After working out various logistical and engineering problems related to the development of a more sophisticated drilling rig, drilling to bedrock at Dye 3 began in the summer of 1979 using a new Danish electro-mechanical ice drill yielding a 10.2 cm diameter core. From July to August 1979 using ISTUK, 273 m of core was removed. [10] At the end of the 1980 field season ISTUK had gnawed down to 901 m. In 1981 at a depth of 1785 m dust and conductivity measurements indicated the beginning of ice from the last glaciation. [10] Coring continued and on August 10, 1981, bedrock was reached at a depth of 2038 m. The depth range for the Danish drill was 80–2038 m.
The Dye 3 site was a compromise: glaciologically, a higher site on the ice divide with smooth bedrock would have been better; logistically, such a site would have been too remote.

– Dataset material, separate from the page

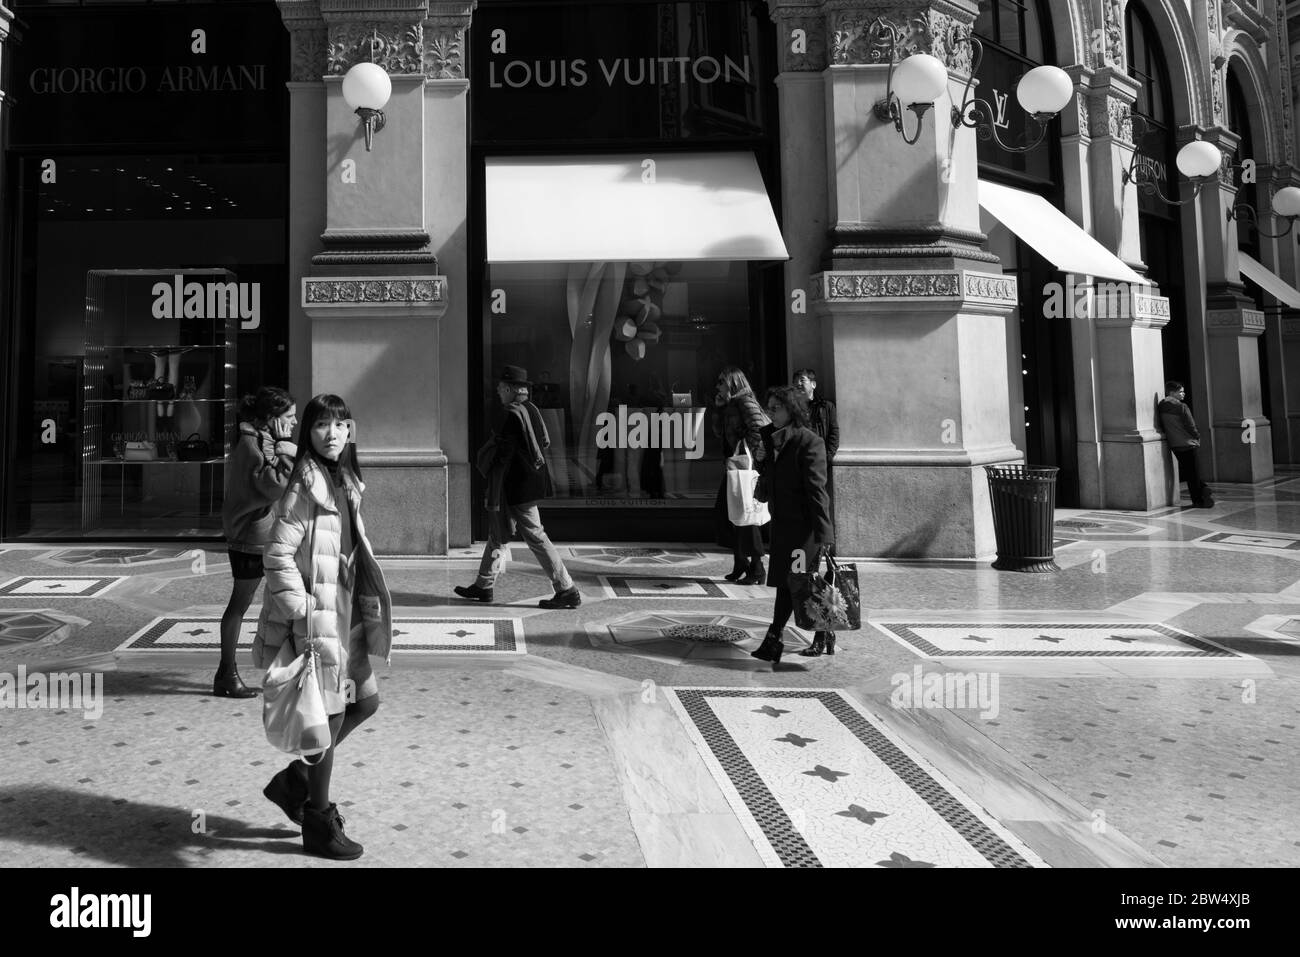 MAILAND, ITALIEN - 16, MÄRZ 2018: Schwarz-weiß Bild von Menschen in der Galleria Vittorio Emanuele II, einem alten Einkaufszentrum in Mailand, Italien Stockfoto

The borehole is 41.5 km east of the local ice divide of the south Greenland ice sheet. [11]
The Dye 3 cores were part of the GISP and, at 2037 meters, the final Dye 3 1979 core was the deepest of the 20 ice cores recovered from the Greenland ice sheet. [5] The surface ice velocity is 12.5 ma−1, 61.2° true. [11] At 500 m above bedrock, the ice velocity is ~10 ma−1, 61.2° true. [11] The ice upstream and downstream from Dye 3 is flowing downhill (-) on ~0.48 % mean slope. [11] The bedrock temperature is −13.22 °C (as of 1984). [11]
The Dye 3 1979 core is not completely intact and is not undamaged. “Below 600 m, the ice became brittle with increasing depth and badly fractured between 800 and 1,200 m. The physical property of the core progressively improved and below ~1,400 m was of excellent quality.” [12] “The deep ice core drilling terminated in August 1981. The ice core is 2035 m long and has a diameter of 10 cm. It was drilled with less than 6° deviation from vertical, and less than 2 m is missing. The deepest 22 m consists of silty ice with an increasing concentration of pebbles downward. In the depth interval 800 to 1400 m the ice was extremely brittle, and even careful handling unavoidably damaged this part of the core, but the rest of the core is in good to excellent condition.” [13]
The depth interval 800 to 1400 m would be a period approximately from about two thousand years ago to about five or six thousand years ago. [14]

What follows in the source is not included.